When I was a child growing up in Michigan, we lived on a hill that looked down over a golf course. Just beyond the number one fairway the Pere Marquette Railroad track entered our community.

 

The train, driven by one the last of the old steam locomotives, came into our town every day at about 6 p.m., at about the time my father was getting home from his daily job and my mother was setting the table for dinner. We always knew it was coming when its whistle sounded as it was approaching the crossing where old US-25 twisted its way out of the city.

 

Most of the time I liked to watch the engine and its trail of cars rumble past from my bedroom window. In the summer months, when the days were fair, I often slipped out of the front door, followed a time-worn path down the hill, through a cluster of trees, and dashed between golfers across that fairway so I could be up close and wave at the engineer.

 

Those were the wonderful days of steam, when the engine, something in the nature of a moderate 2-5-2, always blew off excess steam as it was slowing. On one marvelous occasion, after riding my bike to the switchyard, the engineer recognized me, stopped his train, and offered me a ride in the cab of that engine.

 

Like any young boy of that era, I loved trains. I always had an active electric train set in my room. The walls of my bedroom were decorated with wallpaper depicting antique steam engines.

 

My interest in trains has never wavered. Except now, I see a need for a good railroad system in our country. And I have been appalled to think big business interests, the railroads, and our government leaders don’t seem to agree with me.

 

I believe the railroad has always been a solution to our need for mass transportation and shipping.
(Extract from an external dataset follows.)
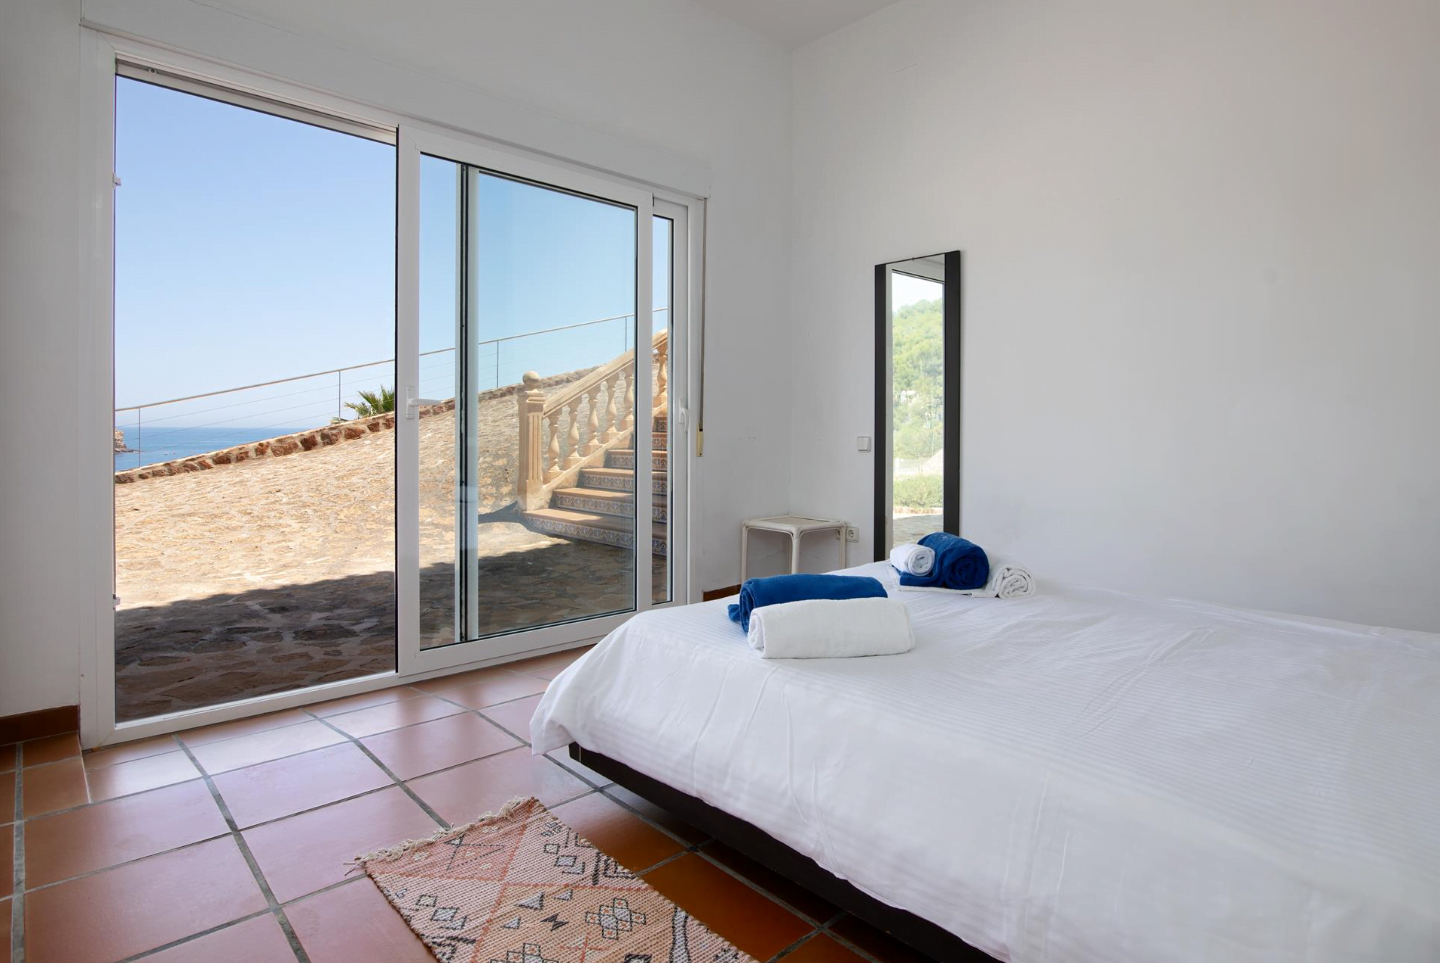 Dormitorio con acceso al exterior y vistas al mar

Rather than clutter our roads with pollution generating cars and trucks we should have followed the example chosen for Europe and Japan . . . replacing the old railroad systems with new, high-speed trains and good track to handle the nation’s needs.

 

The decision to establish the Amtrak system seemed to be like a dream coming true when approved by Congress in 1977. It was late, but I perceived that America’s dream railroad was finally going to happen.

 

But instead of evolving into a new railroad system, Amtrak became a patched-up continuation of the old, without attracting enough business to ever generate interest in making it better. Over the years I have watched as the Amtrak system has cut more and more services, and communities have torn up more and more precious track.

 

Our railroads are quickly disappearing.

 

I never thought I would live to see the day when the magic would end.

 

At a time when the high cost of fuel and security are driving our airlines out of business, or forcing the cost of travel to such levels it will be available for only the rich, the Bush Administration this year offers a proposed budget that cuts federal subsidies for Amtrak from $1.2 billion to zero.

 

It seems that our government refuses to do anything to help promote, or build a good passenger system that people want to use. Instead, the emphasis is on personal automobiles and expensive gas-guzzling ATVs that not only add to the nation’s air pollution problem, but help the world race toward an energy crisis of disastrous magnitude.

 

It is clear that nobody in the Bush office has an eye on the total picture. The interest is narrowly focused on big business, the oil and automobile companies, and what is needed to assure today’s profits. It is not on the Earth, or the future needs of their children and grandchildren.

 

And the people of the United States seem to be following, like faithful sheep, right behind Mr. Bush.

 

Sales of ATVs are up, few are riding the railroad, and most Americans are ignoring the signs that our way of life is killing the Earth.

 

The intense weather conditions that are bringing destructive storms, killer quakes and other natural disasters haven’t put on any brakes.

 

As for me, I am overpowered by an intense feeling of sadness as I watch the dismantling of a once magnificent railroad system serving America. When it is gone, and all of the right-of-way converted to local ownership, it can never be brought back.